Heath has struck the balance with admirable skill. We have enough history to make the book an important document in the cultural development of Saskatchewan (and to a lesser extent of Canada), yet Lindner’s character is not submerged by it; instead we see clearly just what it was in Lindner that caused him to involve himself in the important events now recorded. His assessment of Lindner’s work is spare, but telling; some intimate details of Lindner’s sexual life and his marriage are frankly related, but only when they are essential in the portrayal of Lindner’s personality; finally, the direct treatment of Lindner’s obvious faults (his arrogance, chiefly) lends credibility to the picture of Lindner as basically a generous man of vision, somewhat naive, but fearless in his pursuit of truth and excellence.

There is one more area in which the biographer must strive for balance, and it is the most difficult of all. There must be a blending of fact and imagination, or, as Virginia Woolf put it, the granite and the rainbow must unite. Such an unlikely combination must take place if the biography is to rise above competence and become a work of art. Although Heath does have a clear impression of Lindner as a personality, and although he seems to perceive a certain movement from childhood to late fame, the biography does not really have the sort of controlling metaphor that André Maurois describes as an essential element in the great biographies, which gives them shape and imparts a resonance beyond the literal. The book is entitled Uprooted, but as a metaphor for Lindner’s life such an image is misleading rather than illuminating. The word suggests a disturbance of traumatic proportions leading, usually, to interruption of growth if not a termination of it. In fact, Lindner’s transference from Europe to Canada allowed him to find his true purpose in life. He moved from the business world of a decaying Vienna to what Heath describes as a cultural vacuum which, almost without thinking, he proceeded to fill. Finally, in the forests of Northern Saskatchewan, he rediscovered the profound love, hidden since youth and stifled in Vienna, for organic nature. In the dynamic rhythm of decay and rebirth of the forest vegetation, Lindner found both a source of spiritual belief and a metaphor for it, so that he (literally!) discovered his roots in Canada. But while this radically simplified account might suggest a sure progression towards a personal destiny, in fact Lindner seems to have proceeded more or less by accident. Lindner took over organization of the art community, but one gathers that he might have organized almost anything. Heath suggests that he became an artist almost in spite of himself; certainly he was a very late developer.

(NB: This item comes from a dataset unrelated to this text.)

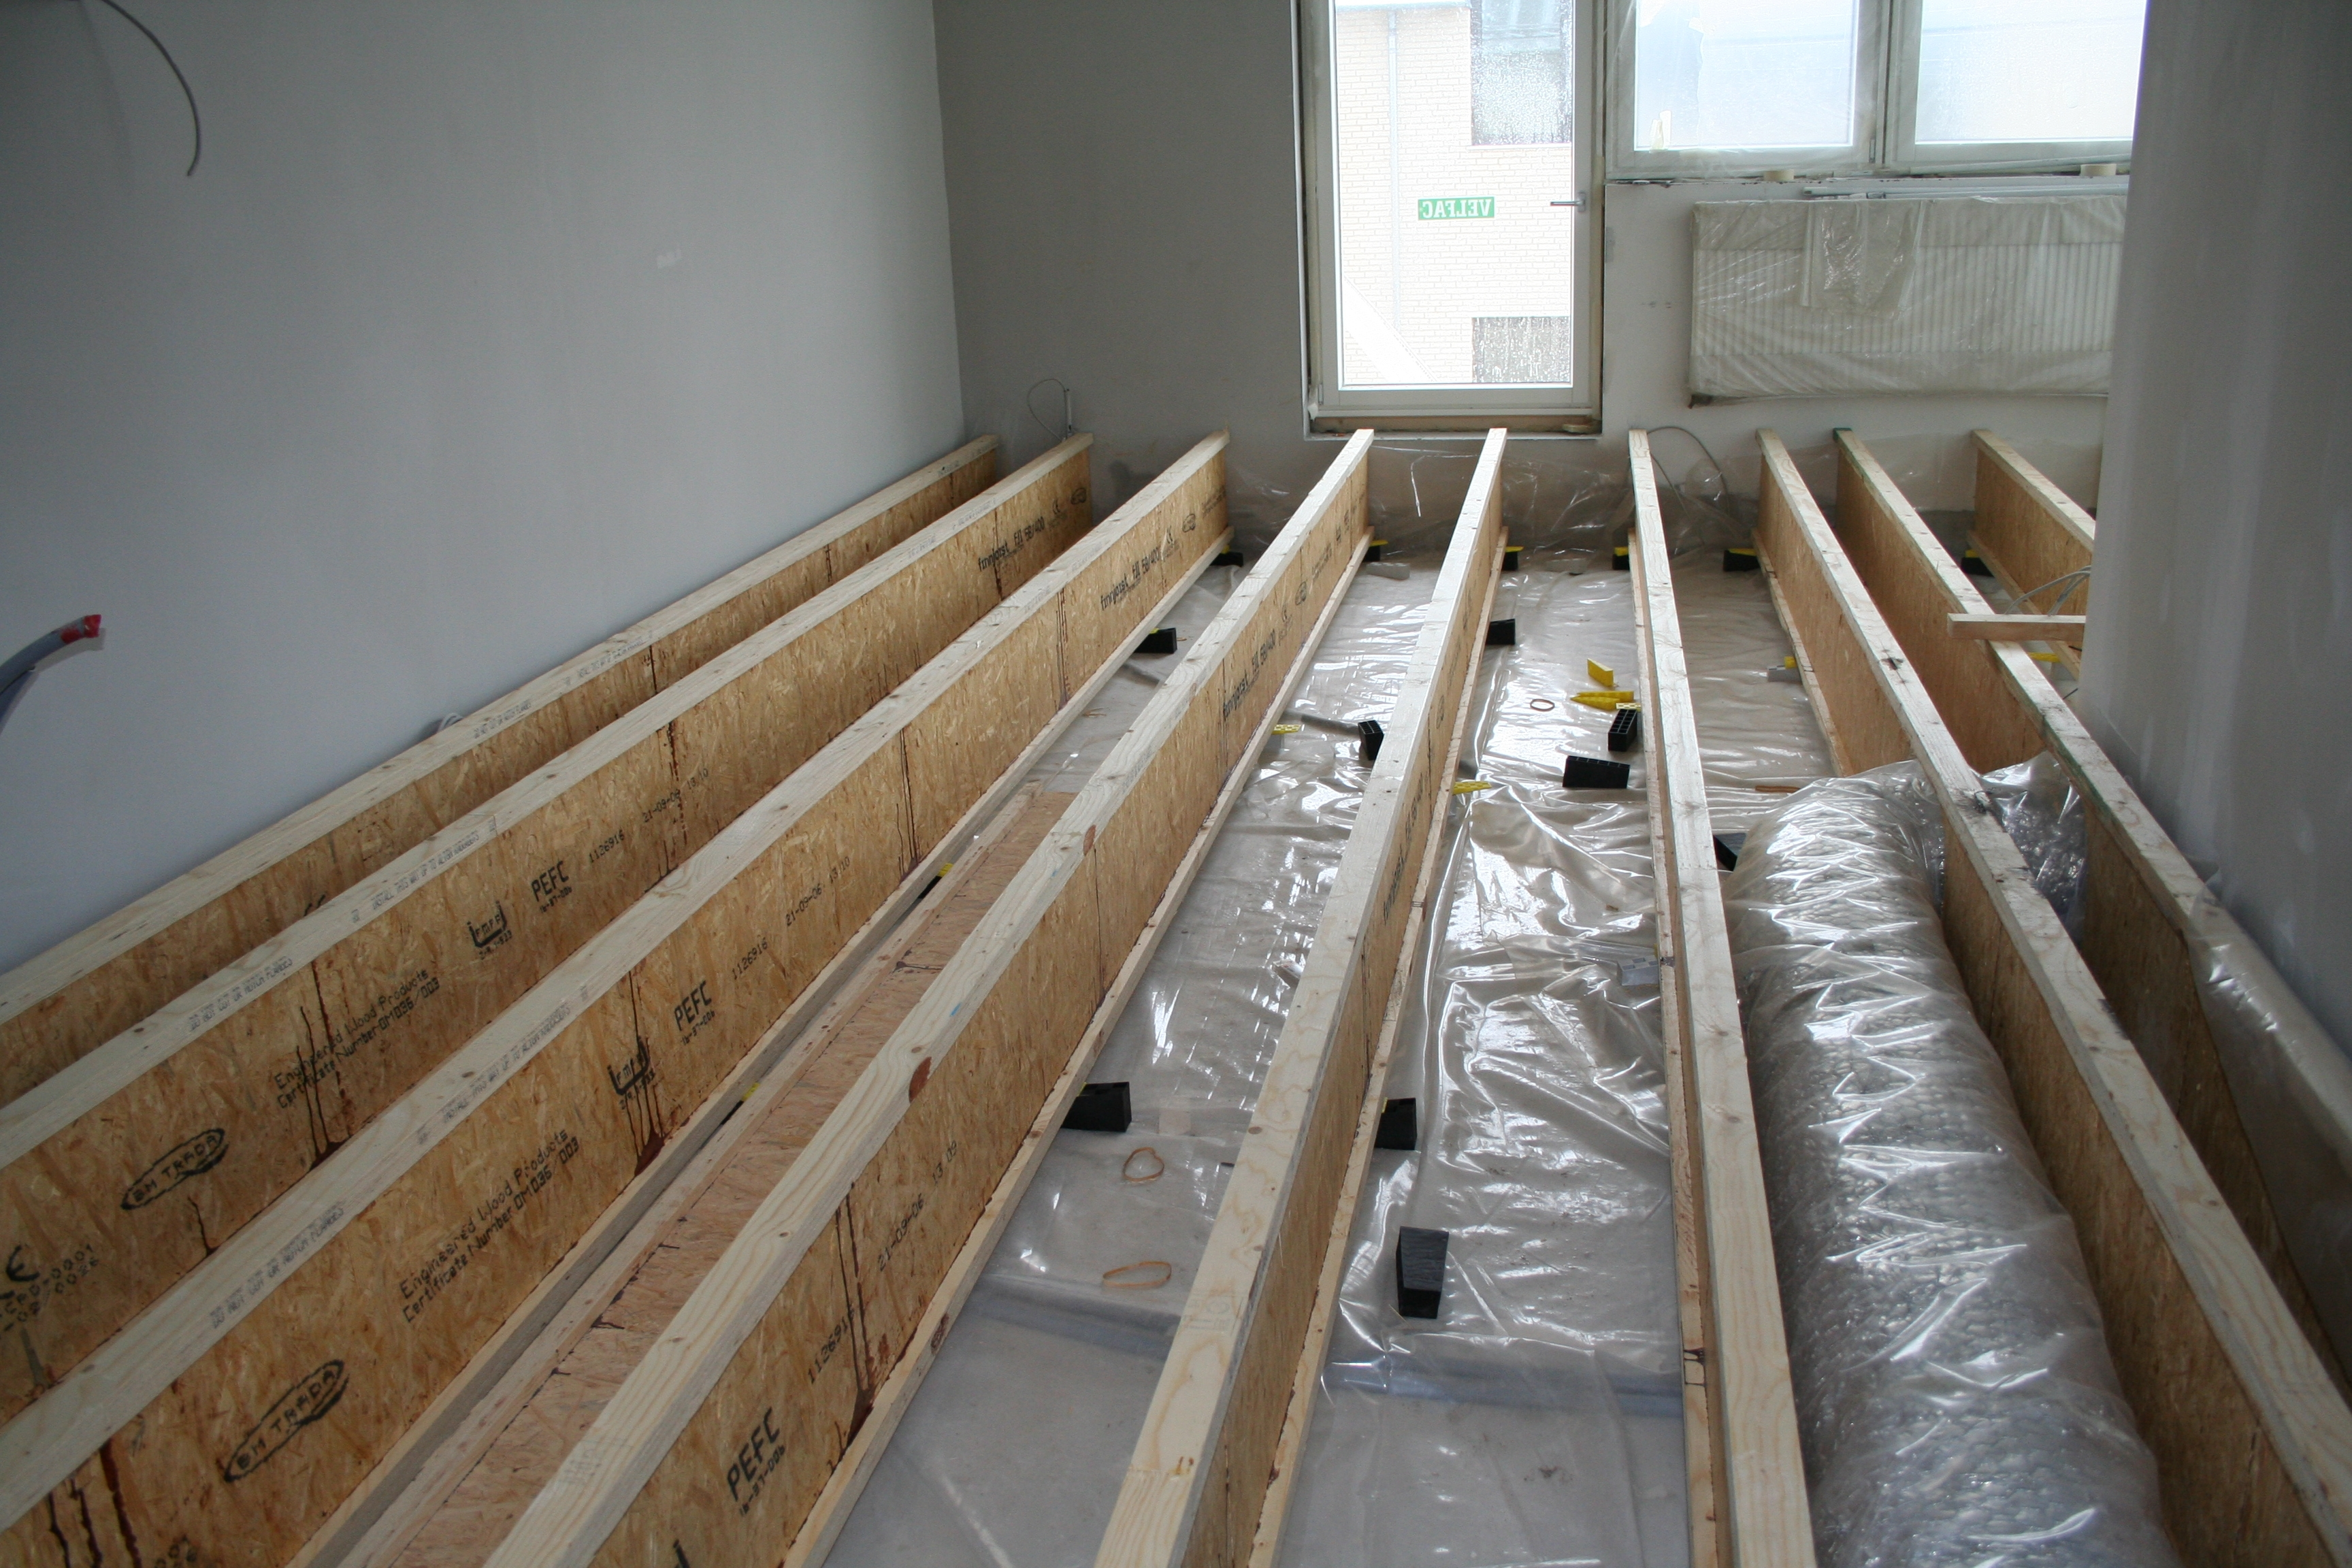 #634A31 Anbefalede Højt Opklodsede Gulve På Den Smarte Måde Wood Supply DK Gør Det Selv Slibning Af Gulv 6087 345623046087

Heath had at his disposal an astounding wealth of material, which constitutes probably the most complete record of an artist that Canada affords. He was wise to pare the material down ruthlessly and to give us a fairly lean biography. It is now up to others to explore, by means of articles and essays, some of the directions indicated by Heath. Further research, for instance, might show in greater detail Lindner’s interaction with fellow-artists in the early days of Saskatoon’s artistic history. There are some interesting questions, such as Lindner’s attitude to the older, established painters Kinderdine and Henderson, or why the work of artist/photographer L.G. Saunders was so similar to Lindner’s early landscape painting.

But Heath has produced a solid, workmanlike biography that immediately assumes importance in the history of art in our region. It is also enjoyable reading, and its plentiful illustrations in black and white and colour make it a handsome production (a pity, though, that it has no index). It is one of two books that have launched Fifth House, a new publishing concern in Saskatoon specializing in cultural subjects. An auspicious beginning. ♦

Peter Millard is Arts Manitoba’s contributing editor in Saskatoon. An authority on biography, the U. of T. press will publish his Roger North in the fall of this year.